The Detroit News - Michigan could improve public school student performance without raising taxes by transferring existing money to classroom instruction.

The idea comes from a budding national movement to reduce school overhead and spend at least 65 cents of every education dollar in classrooms, where it will do the most good.

Michigan has plenty of room for improvement. The state spends 57.4 percent of its education budget in the classroom -- with the rest going for administration, food services and nonteaching personnel such as nurses and counselors, says First Class Education, a group pushing the wise use of tax dollars.

By upping the rate to 65 percent, $1 billion would be available to shift directly into classrooms, the group estimates. Translated, the $1 billion would pay the salaries of 20,000 more teachers, given the typical pay of $50,000 a year. There is, of course, a need for spending outside the classroom. But these costs should be cut to the bone to bankroll more instruction, which, after all, is the primary goal of public education.

In Arizona, lawmakers are already lining up to adopt such a plan, saying a 65-percent rule will solve Arizona's overall school funding problems. Other states have already hit the 65 percent mark. The First Class Education group developed the 65 percent formula after mining federal education data from around the country. Even if the proposed savings estimate for Michigan is off by as much as half, making another $500 million available for instruction is no small feat.

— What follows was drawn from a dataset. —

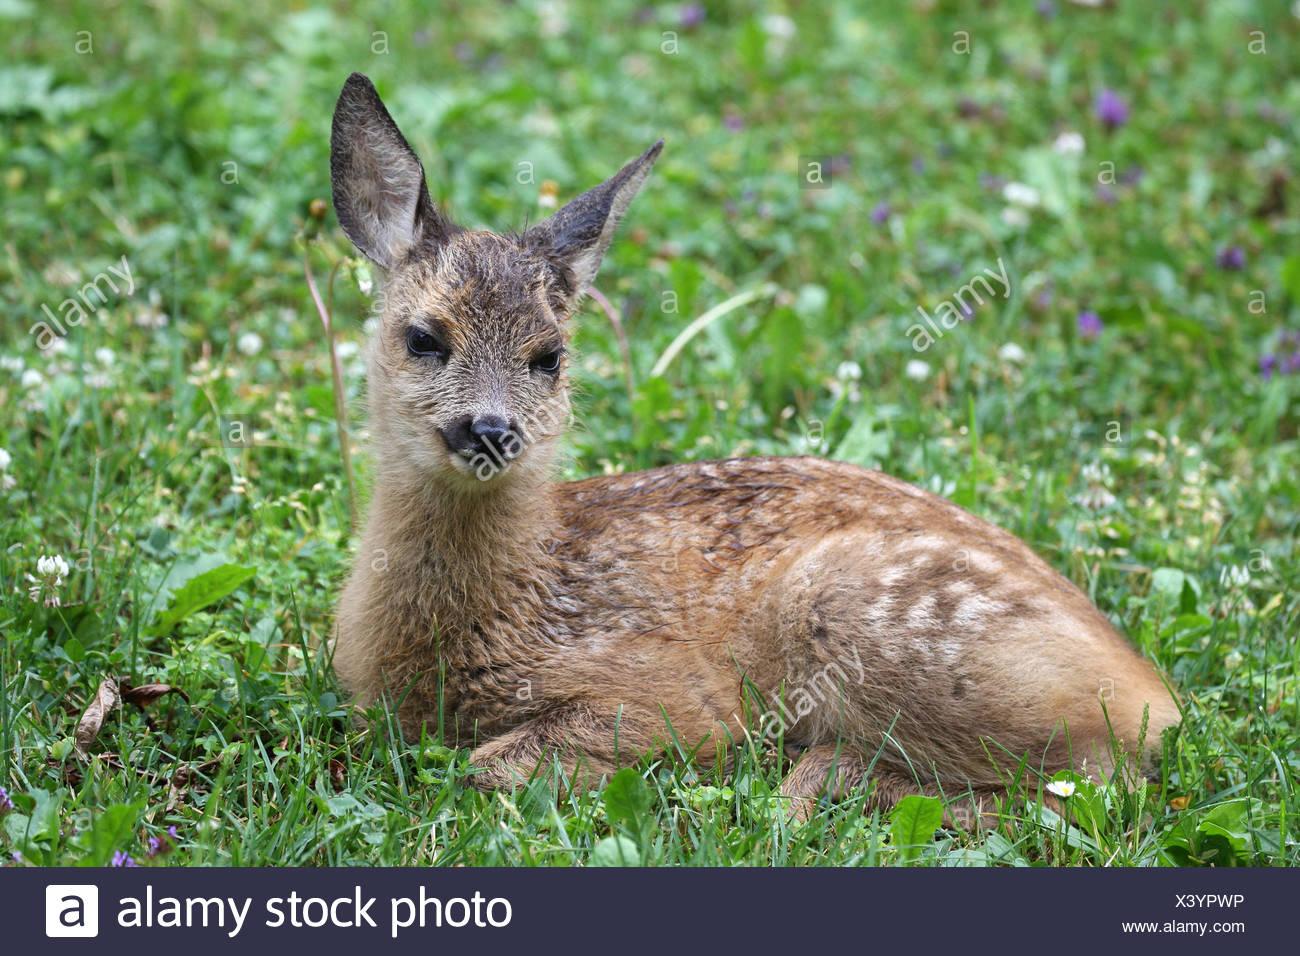 Roe deer (Capreolus capreolus), fawn, five weeks old, lying in meadow, Allgäu, Bavaria, Germany - Stock Image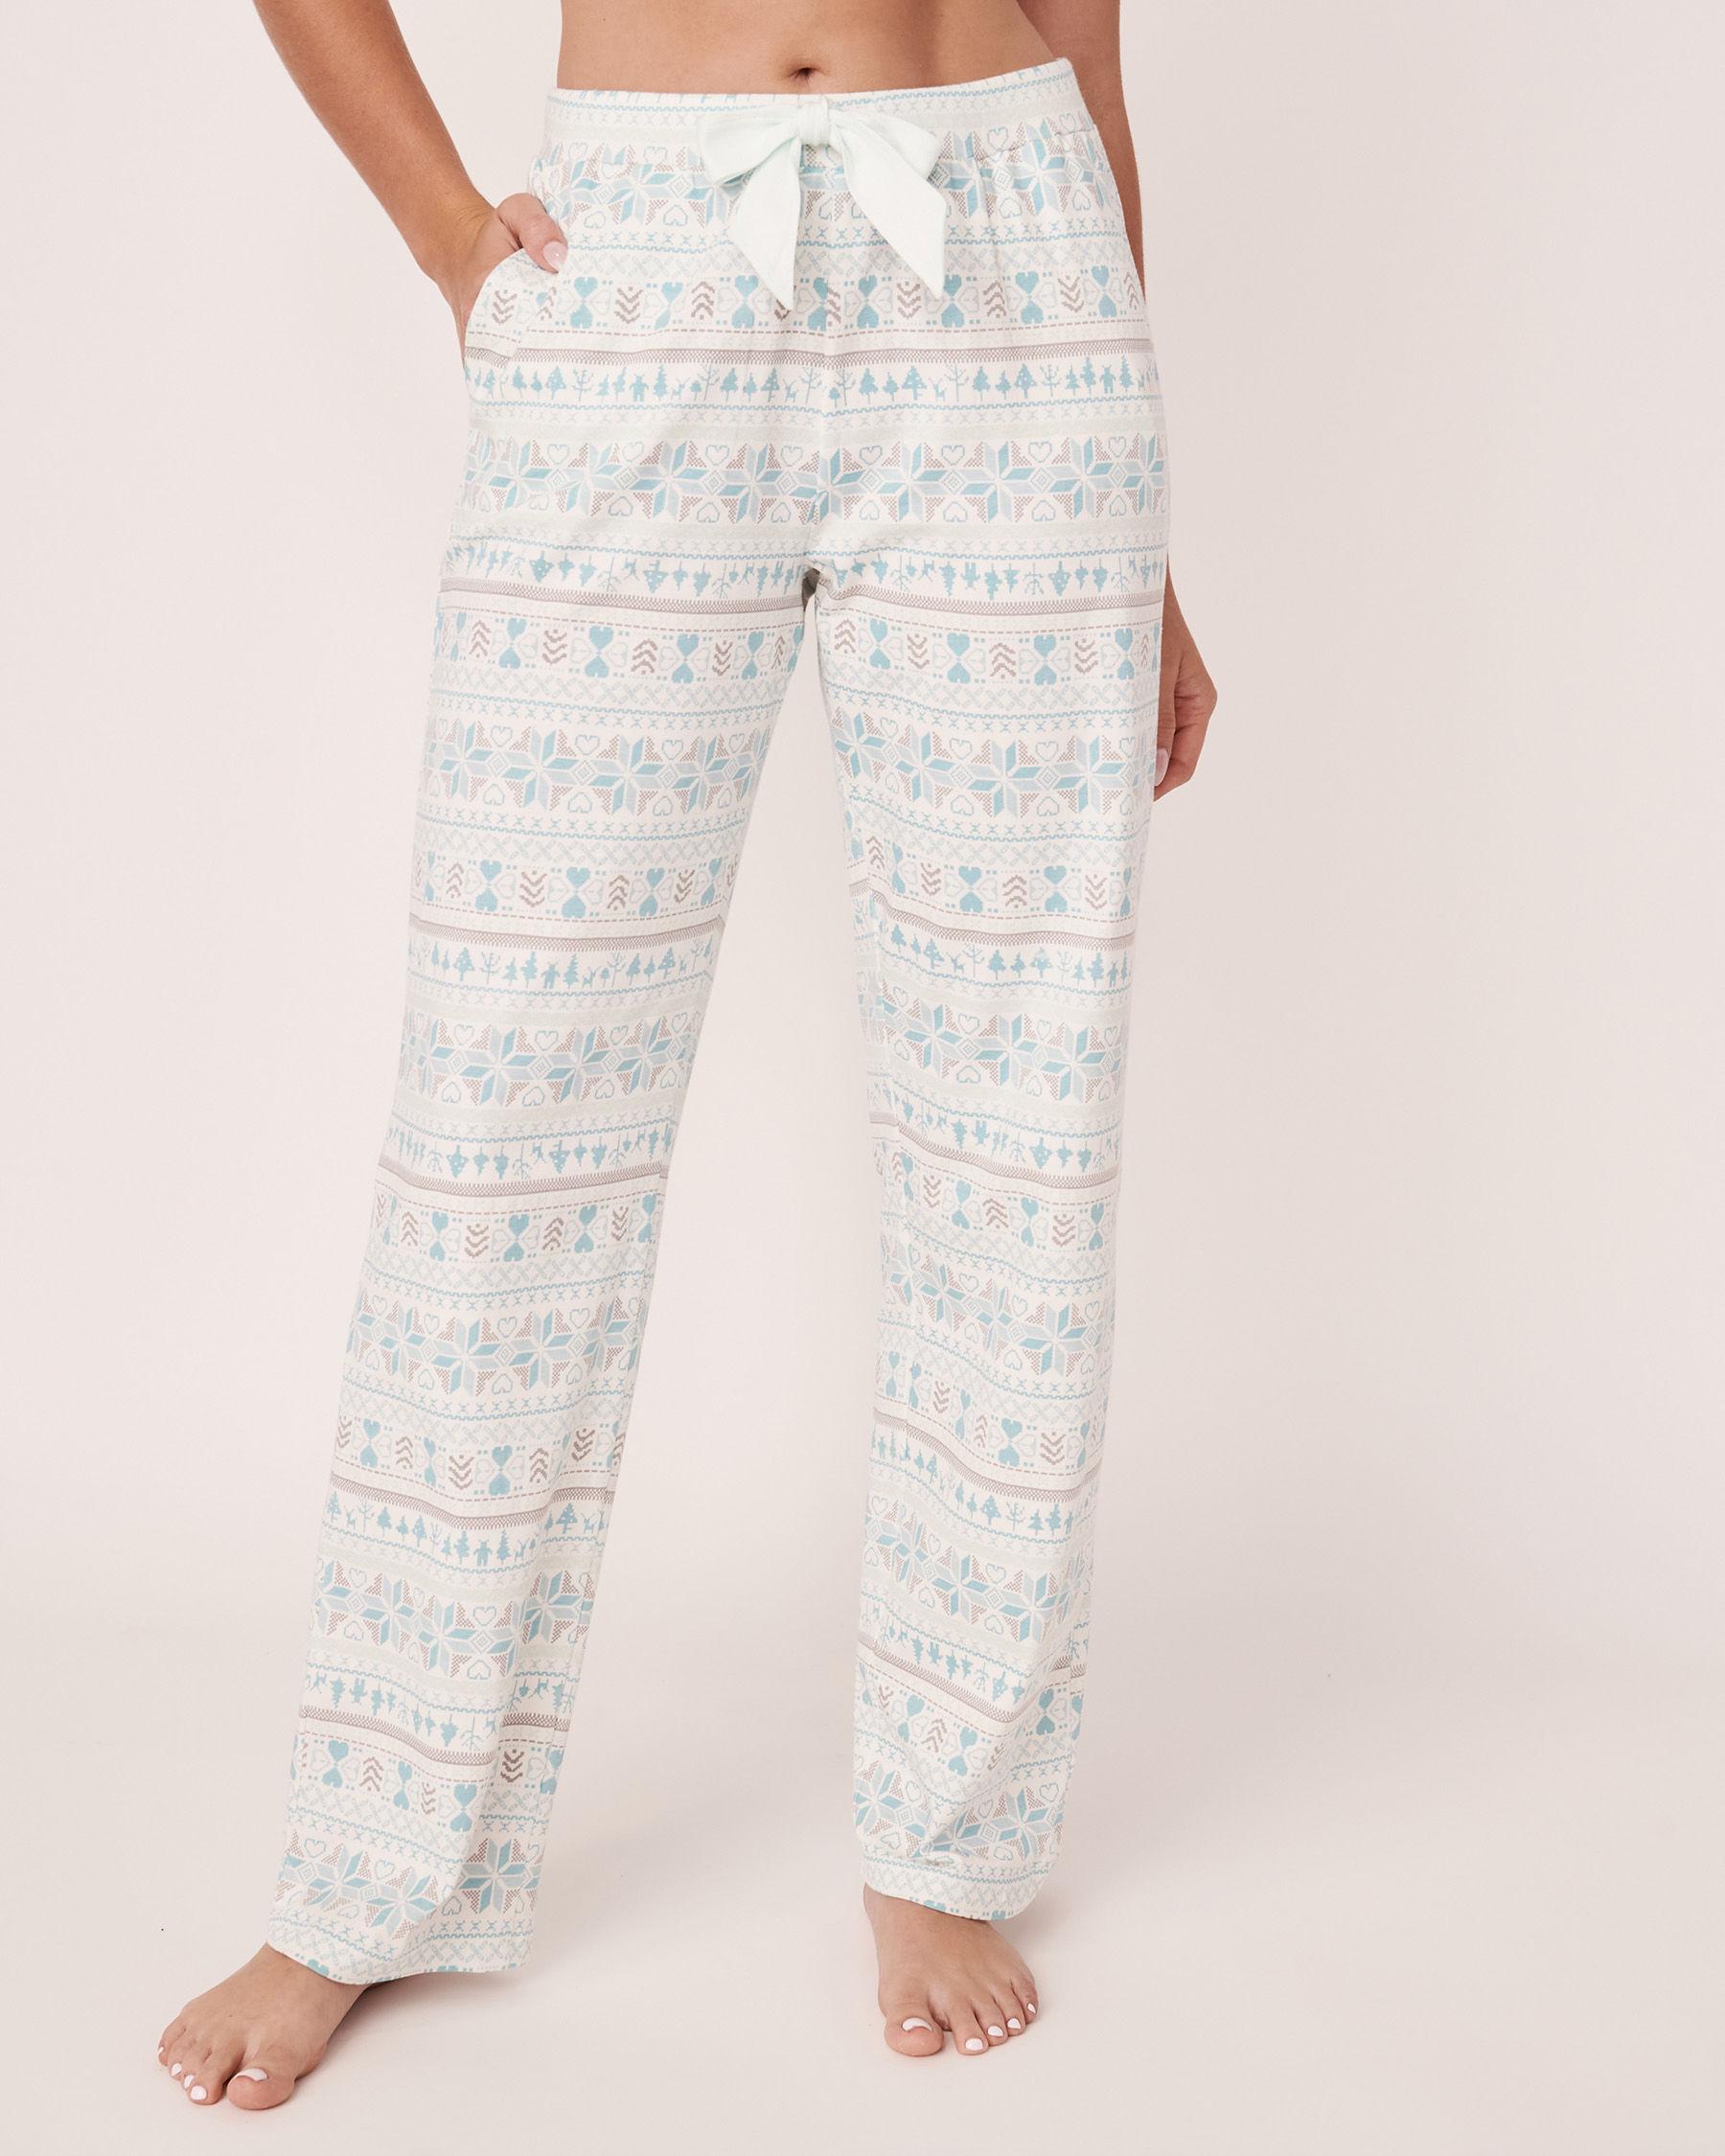 LA VIE EN ROSE Pantalon jambe droite en coton biologique Imprimé nordique 40200143 - Voir1

The breakthrough idea places a priority on students by putting a figure on limiting bureaucracy and adding teachers. Cutbacks need not be all that radical. Strategies include districts pooling resources with an eye toward, say, reducing the number of principals, assistant principals and assistant superintendents. Gov. Jennifer Granholm once put it this way: "School districts must reduce the bureaucracy, the layer of clay that blocks money from getting to the classroom."

The best thing to do with a blockage is to root it out. If local school boards are smart, they won't wait for a state mandate but will begin immediately to transfer money into the classroom. The prospects for raising more revenues are slim, given today's state budget realities. But that doesn't mean school districts can't increase classroom spending by reordering their priorities. The 65 percent target should be adopted by all school districts in the state.